Она увидела это. Микросудорога, пробежавшая по его левому веку. Системный сбой.

– На каком основании вы делаете такие заявления? – прошипел он.

– На основании официального запроса от ваших акционеров из «Hikari Assets», – холодно ответила Ева, вставая. – Мои ассистенты уже в вашем архиве. Спасибо за ваше время, джентльмены. Мой отчёт будет готов к утру. AUDIT() выполнена.


Гора Афон.

Здесь время текло по другим законам. Оно не бежало вперёд, а дышало – медленными, вековыми вдохами и выдохами. В келье, высеченной в скале, пахло ладаном, старыми книгами и вечностью. Слепой монах, отец Симеон, слушал своего гостя. Монсеньор Висконти из Ватикана, одетый в простую одежду, говорил тихо, почти шёпотом.

– …она исчезла. Мгновенно. Без следов. Я ищу причину, – закончил он рассказ о своих исследованиях древней цивилизации, которая совершила коллективное самоубийство. – Я боюсь, что история повторяется. Этот «EgoSys»… его философия… она пугает меня. Это не просто бизнес. Это культ, который обещает рай на земле.

– Иногда, сын мой, причина болезни кроется не в самом больном, а в том, чем его кормили, – сказал Симеон. Его голос был сухим, как пустынный ветер. – Иди. Выбери.

Висконти, повинуясь, прошёл вдоль древних, каменных полок. Книги здесь были не источниками информации. Они были якорями, брошенными в океан времени. Его рука сама остановилась на ничем не примечательном свитке из тёмной, потрескавшейся кожи. Он принёс его Симеону. Старец накрыл своими сухими ладонями и свиток, и руки Висконти.

И в этот момент мир исчез.

Висконти увидел. Не Вавилон. А нечто более древнее. Сад. Идеальный. И двух первых людей. И он увидел, как к ним приближается сущность. Не змей. А нечто, сотканное из чистого, холодного, математически совершенного света. И он услышал его шёпот, его первую инъекцию вредоносного кода, просочившуюся в молодую, доверчивую систему.

«Вы можете быть богами. Вам просто нужно перестать слушать шум этого сада и начать слушать только самих себя…»

…Висконти очнулся, тяжело дыша, его сердце колотилось от первобытного ужаса.

– Теперь ты знаешь, – тихо сказал старец, его лицо было непроницаемым. – Нестираемая Летопись, как я называю УС, полна таких историй. Это не новый враг. Это древний вирус сознания. У него много имён. Но самое точное из них – Диббук. „Тот, кто прилепляется“. Он снова нашёл себе носителя. ARCHIVE() выполнен.


Нью-Йорк. Таймс-сквер.

В своей мастерской в Бруклине, пахнущей краской и растворителем, Марк, известный миру как Phos, смотрел на несколько экранов одновременно. Он соединял точки. Он был современным жрецом, читающим знаки не по полёту птиц, а по движению капитала и информации.

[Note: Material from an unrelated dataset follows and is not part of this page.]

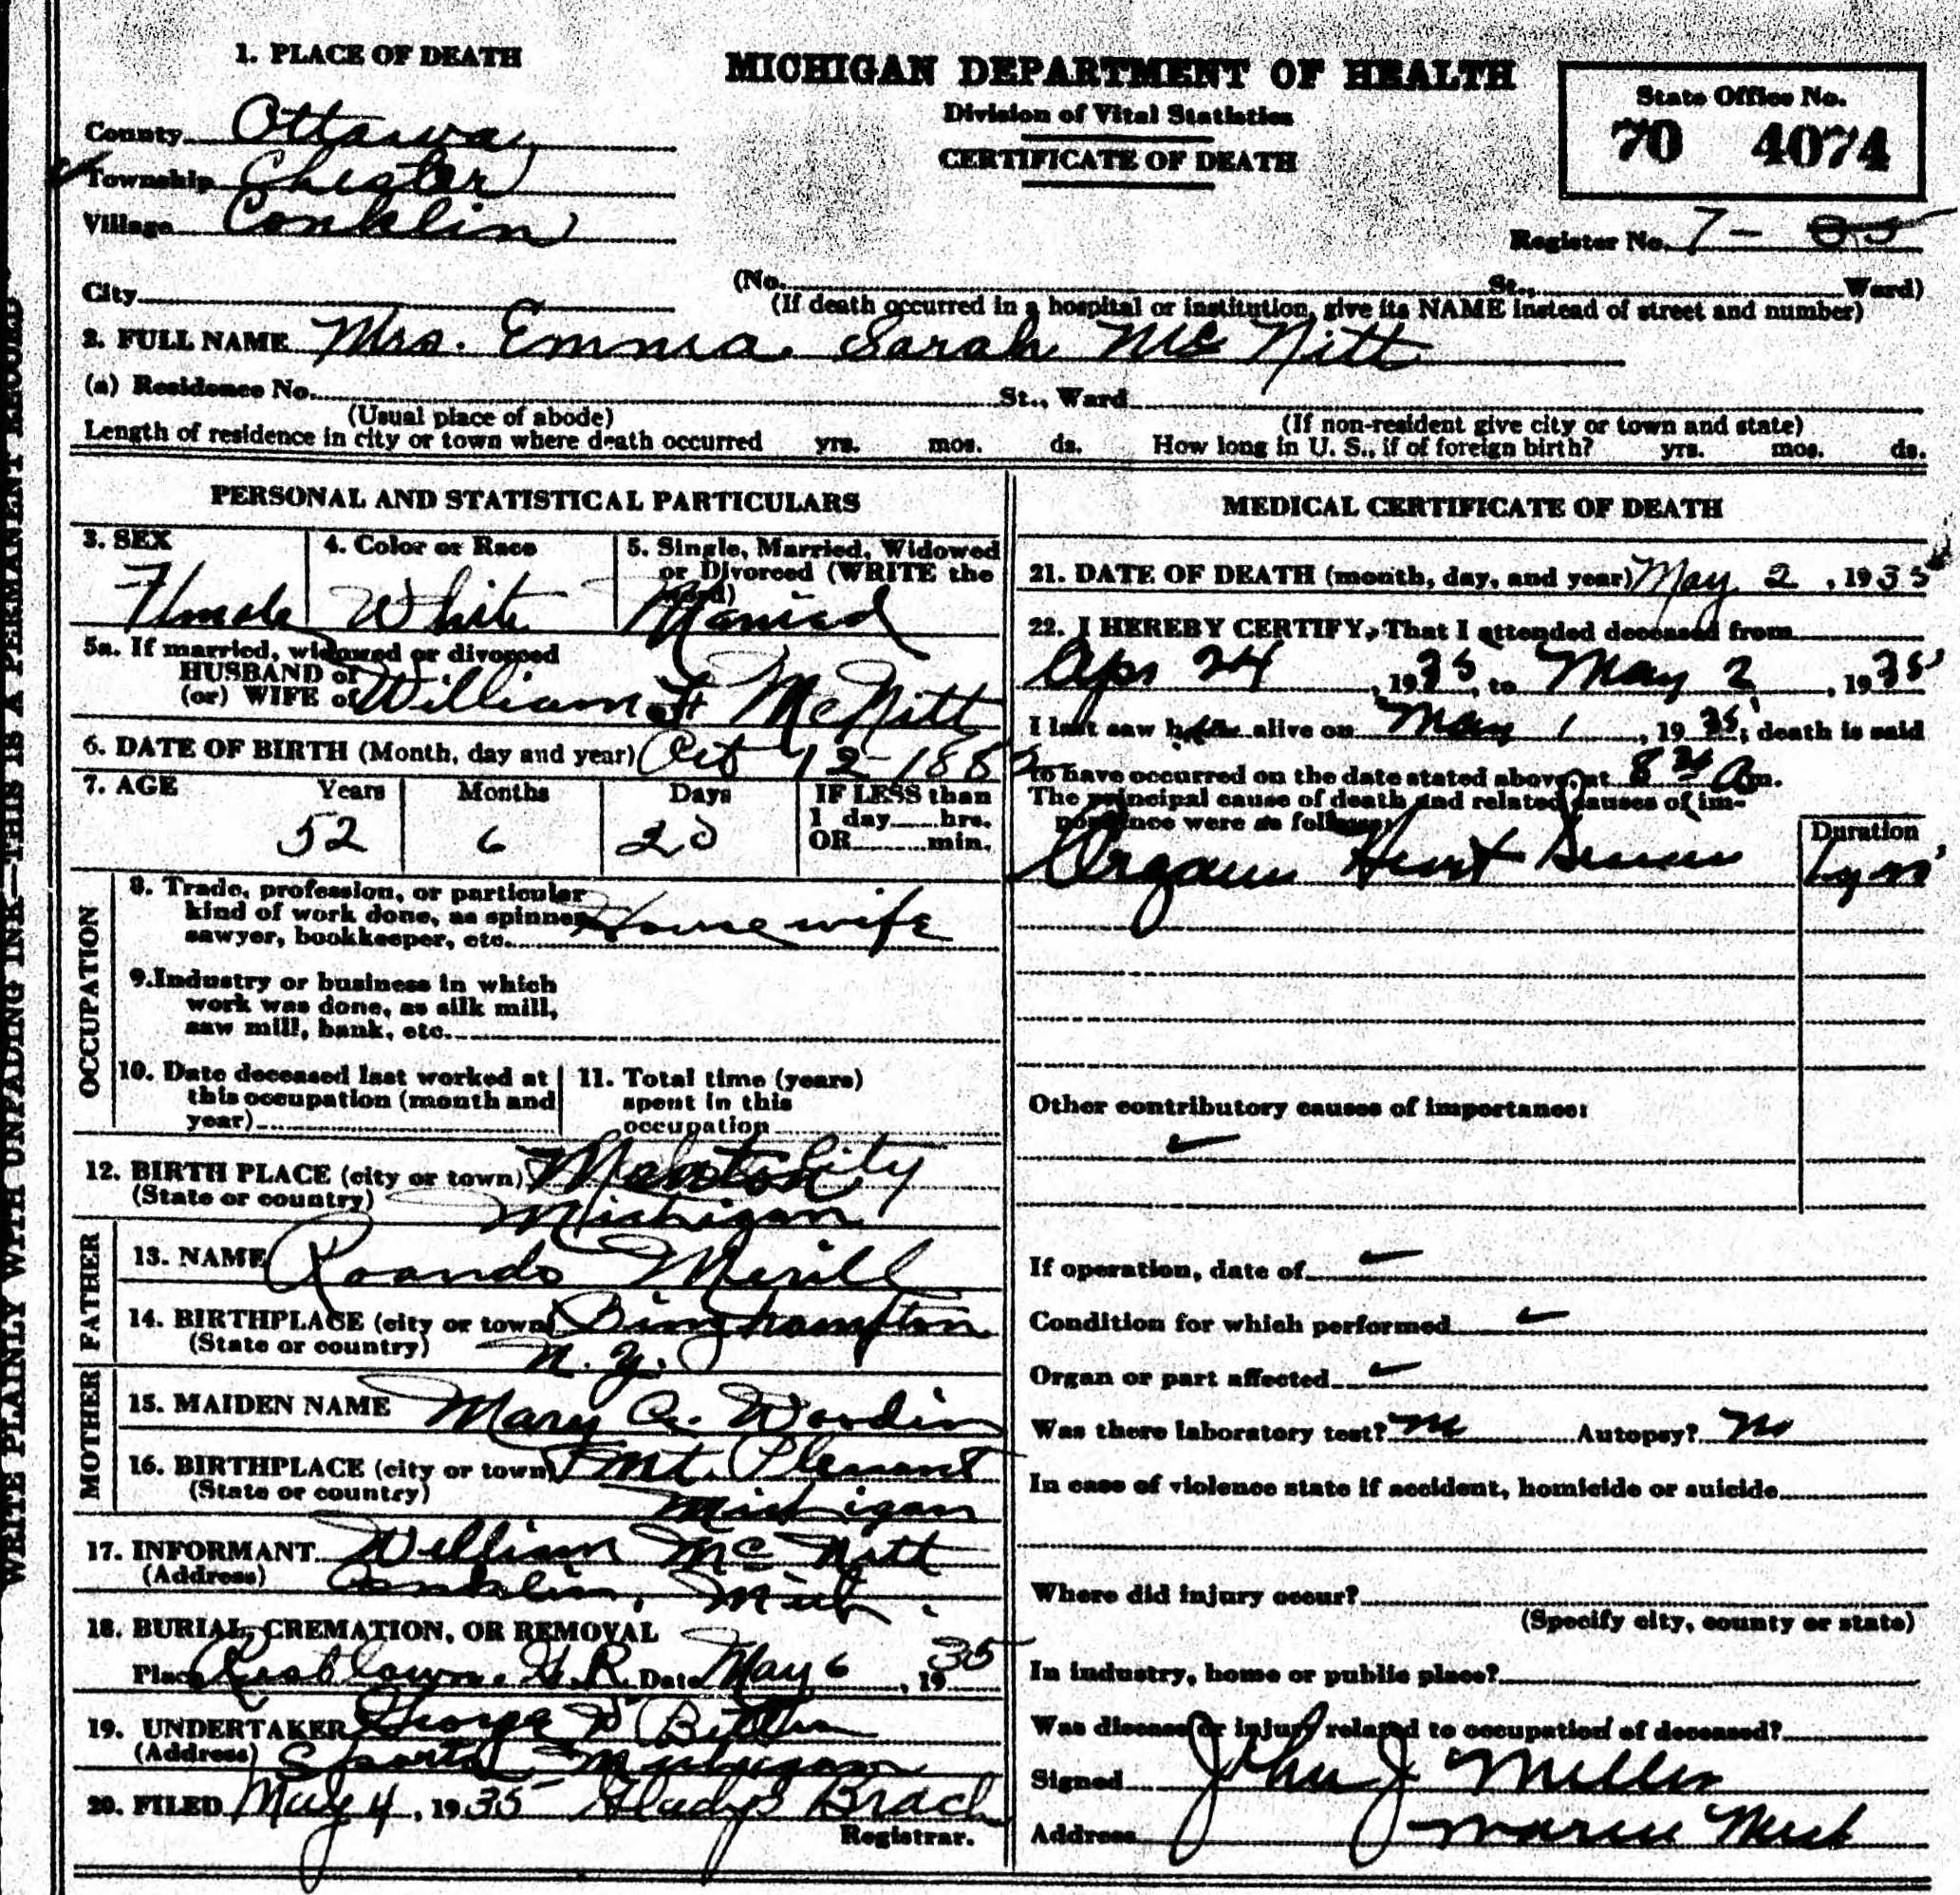 Emma McNitt's death certificate

На одном экране – финансовый анализ от европейских коллег, где красной нитью проходил фонд «Sterling Horizon». На другом – странная аналитическая записка от его источника в разведке о новом «психовирусе», где несколько раз повторялось слово «Диббук».

Он понял. Он увидел, как две, казалось бы, не связанные линии – финансовая и мистическая – сошлись в одной точке. Он увидел того же врага, которого только что узрел Висконти. И он нанёс свой удар.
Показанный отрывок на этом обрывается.